[ad. L. actuāri-us an amanuensis, a keeper of accounts, f. actu-s act; see -ARY.]
1. A registrar or clerk, a notary; an officer appointed to write down the acts or proceedings of a court. Still used in the Convocation of the Province of Canterbury.
1553. Foxe, A. & M., in Cobbetts St. Trials, I. 628. Requiring also the copies, as well of the articles as of his protestation, of the Actuaries.
1658. Bramhall, Consecr. Bishops, iii. 30. The same publick Notary who was Principall Actuary both at Cardinall Poles Consecration and Arch-Bishop Parkers.
1667. Chamberlayne, St. Grt. Brit., I. II. viii. (1743), 73. To this Court [of Arches] belongeth an Actuary, a Register, and a Beadle. The office of the Actuary is to attend the court, set down the judges decrees.
1717. Blount, Law Dict., Actuary (actuarius) is the Scribe that registers the Acts and Constitutions of the Convocation.
1879. Whitakers Alman., 155. Conv. of Prov. of Cant. (Officers) Vicar-General, Registrar, Actuary.
† 2. The managing secretary or accountant of a public company. Obs.

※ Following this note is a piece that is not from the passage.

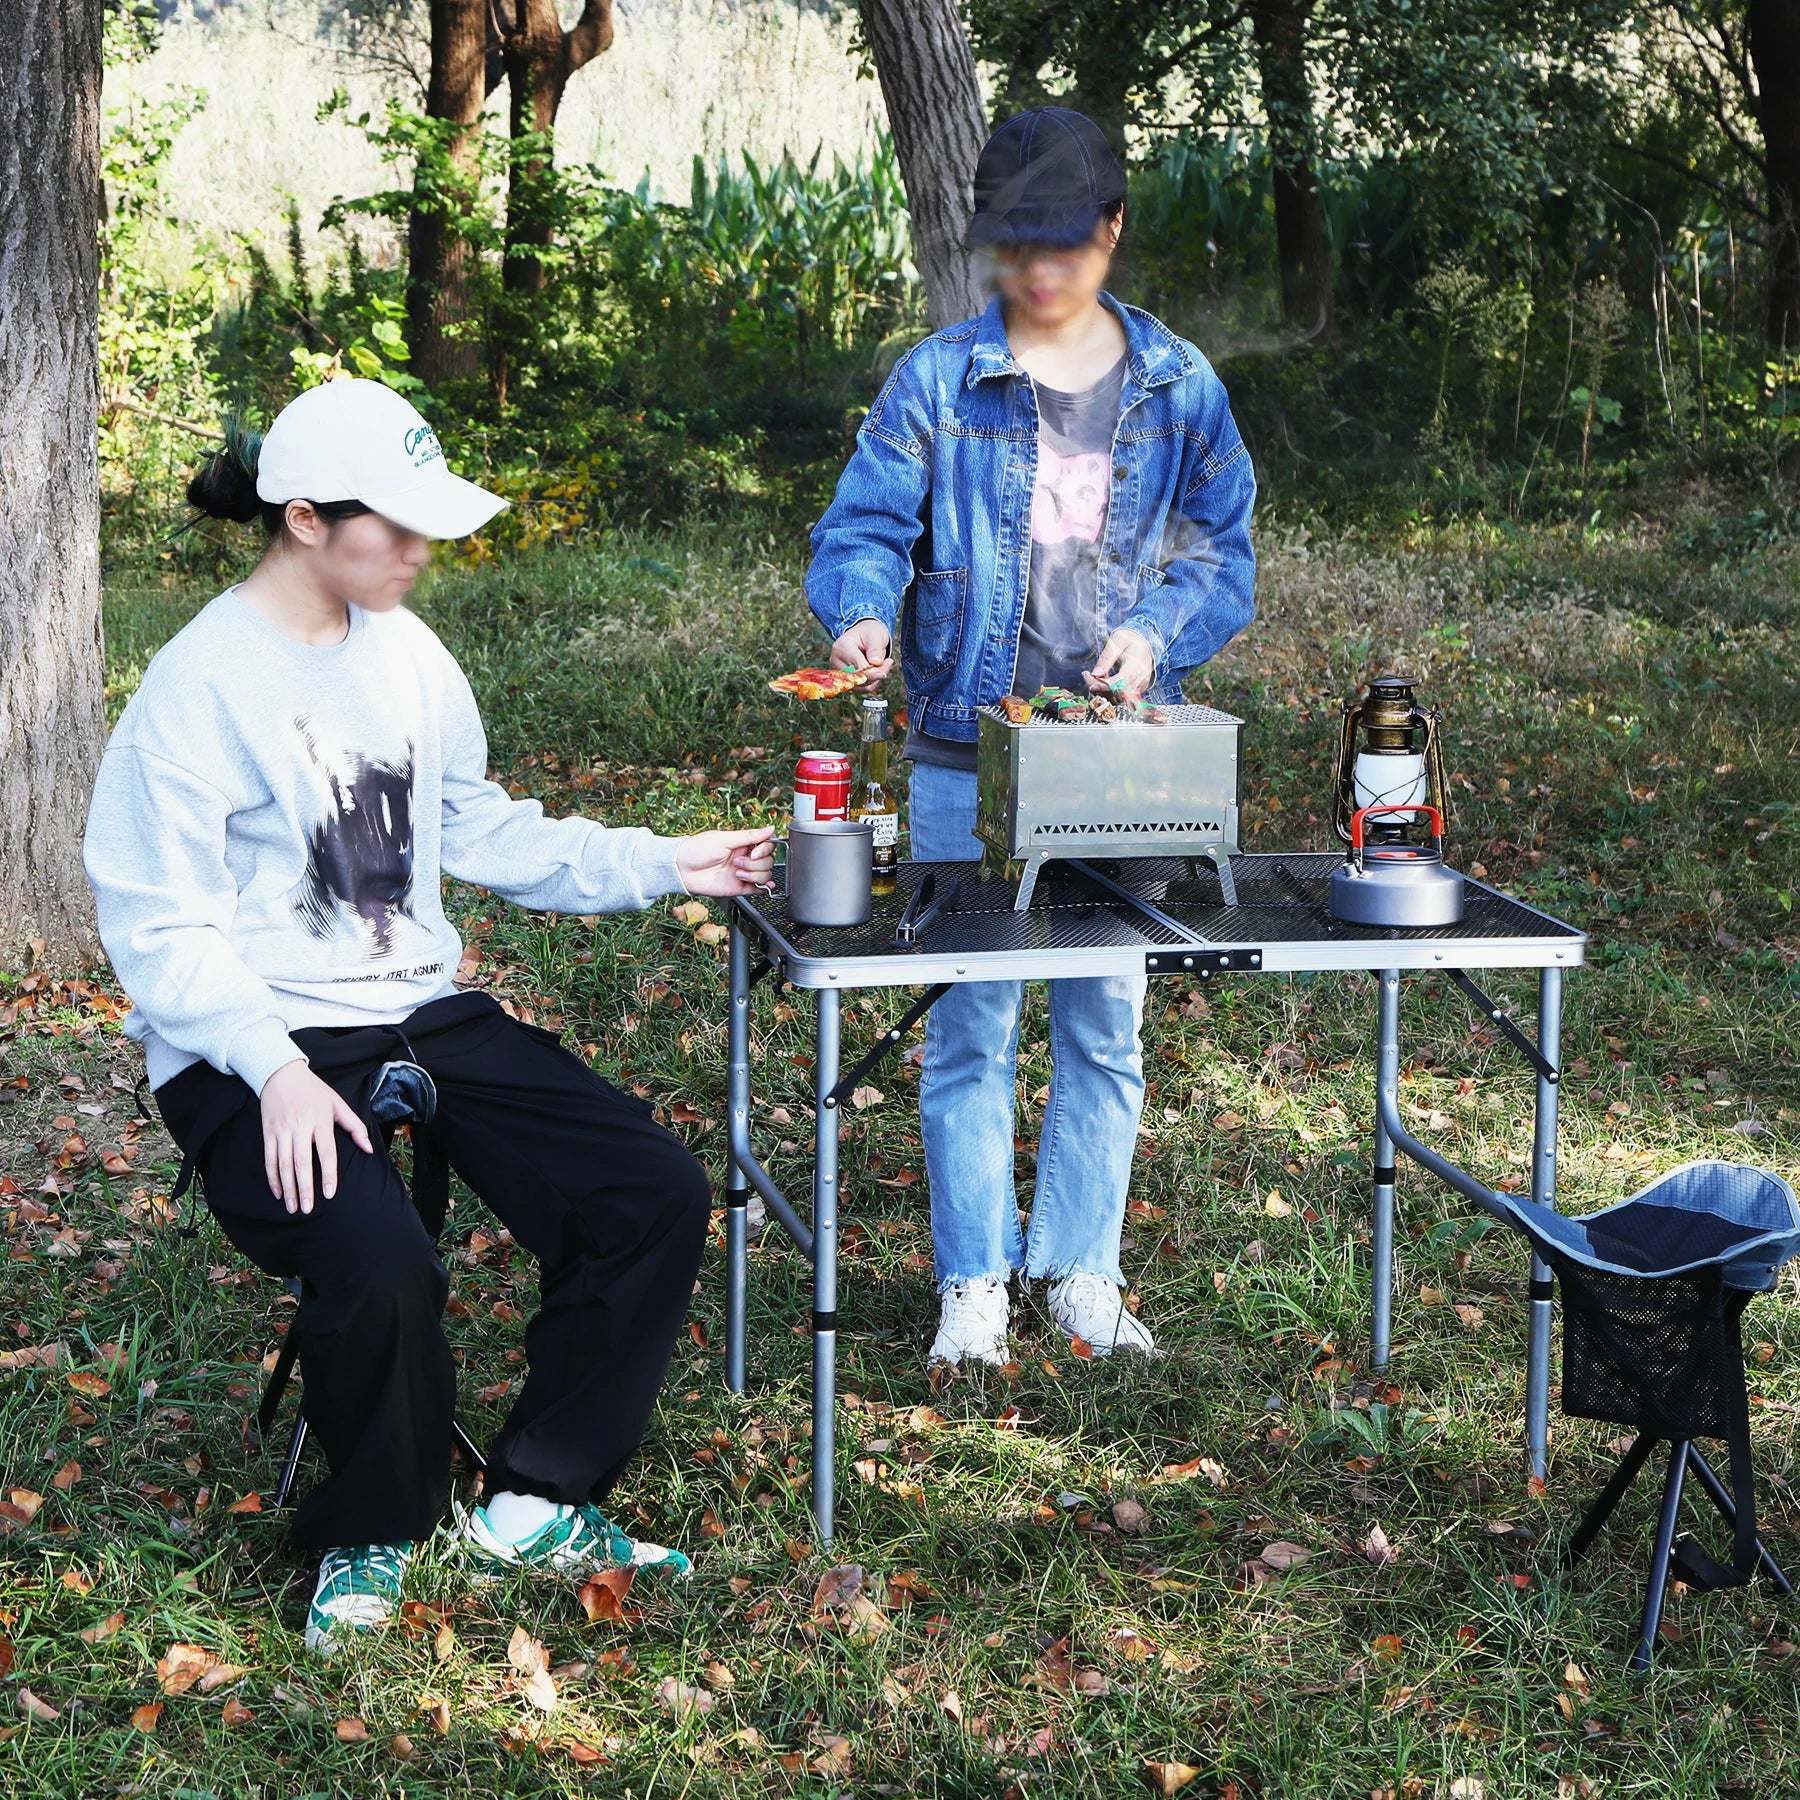 REDCAMP Folding Portable Grill Table for Outside

1804. W. Taylor, in Ann. Rev., II. 238. The managers and actuaries of our public companies.
3. An official in an insurance office, whose duty it is to compile statistical tables of mortality, and estimate therefrom the necessary rates of premium, etc.; or one whose profession it is to solve for Insurance Companies or the public, all monetary questions that involve a consideration of the separate or combined effect of Interest and Probability, in connection with the duration of human life, the average proportion of losses due to fire or other accidents, etc.
1849. Macaulay, Hist. Eng., I. 283. An actuary of eminent skill, subjected the ancient parochial registers of baptisms, marriages, and burials, to all the tests which the modern improvements in statistical science enabled him to apply.
1859. Q. Rev., No. 211, 75. Many actuaries acknowledge the soundness of that basis for life assurance and annuity calculations.